The best way to learn to love God whom we cannot see is to love our neighbors whom we encounter daily. This is why Christ ties these two commandments together as one commandment which is the chief commandment. There is the story of the seeker who went to the great elder in the desert seeking to see God. “Have you actually seen God?” he asked the elder. “O yes, many times replied the elder.” “Can you teach me to actually see God” asked the seeker. “Come with me” says the elder and off they go to knock on the door of a run down dilapidated dirty old hut. A grouchy looking old man came to the door, “What do you want?” he snarled at them. Pointing to the old man the elder said to his seeker friend “God.” To quote Mother Teresa of Calcutta, “The dying, the cripple, the mental, the unwanted, the unloved – they are Jesus in disguise,”
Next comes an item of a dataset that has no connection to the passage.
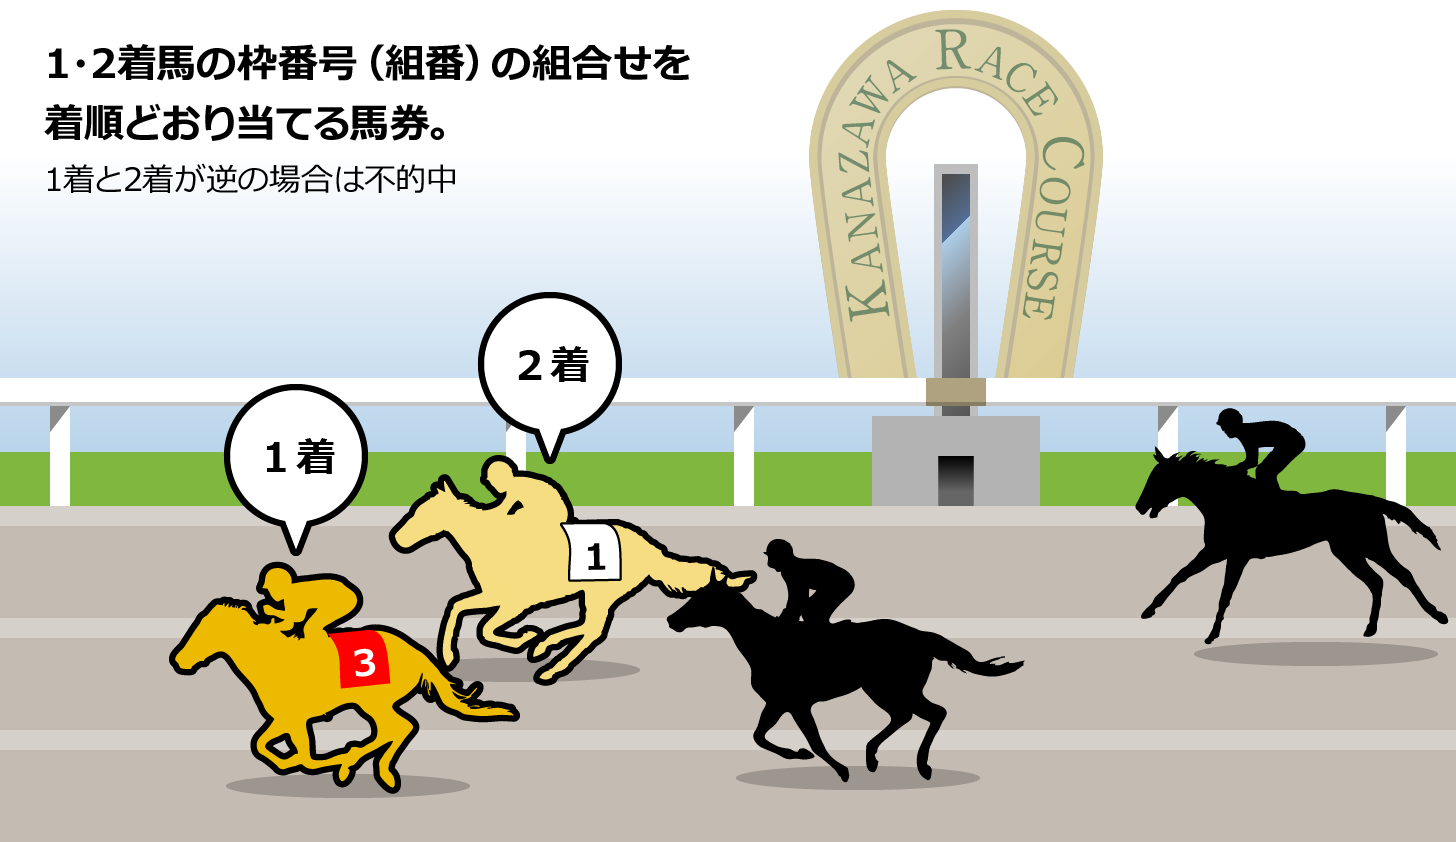 発売勝馬投票券 | 金沢競馬 Official Website -KANAZAWA Horse park-

We often have an image in our mind about who God is and how we and those we know must act, to be worthy of His love. We are never worthy of His love, it is His gift to us and we can do nothing to increase or earn it. God loves us and all of mankind. Full stop! We close every Liturgy with this pronouncement. “For He is a good God Who loves us and all of mankind.” His love doesn’t somehow change if we are behaving badly. He loves all of those who have never entered the doors of any church as much as He loves any of us – His children sheltered safely under His wings. He knows we are causing ourselves great unneeded grief and pain and confusion when we wilfully choose to ignore the advice of the scriptures and the saints, when we don’t seek Him with all our heart, soul and mind, but He loves us throughout all our folly. His heart breaks with compassion as He waits for us to come to our senses and simply come to Him in humility and thanksgiving, in weakness and in vulnerability, longing to be united with Him. Christ came to heal the broken-hearted, to give liberty to the captives and comfort all who mourn – not to heap judgement and condemnation upon us. He waits patiently for each of us to choose to turn to Him, taking the time to stop everything and seek Him in prayer. He is never absent, but always knocking at the door of our hearts, awaiting our response to His love. Waiting to bless and forgive us and wrap us in His loving arms.
The question is never “Does God love us?” but rather “How am I responding to His ever-present love?” How am I demonstrating His love in loving my neighbors? What is your answer, and mine? With the Feast!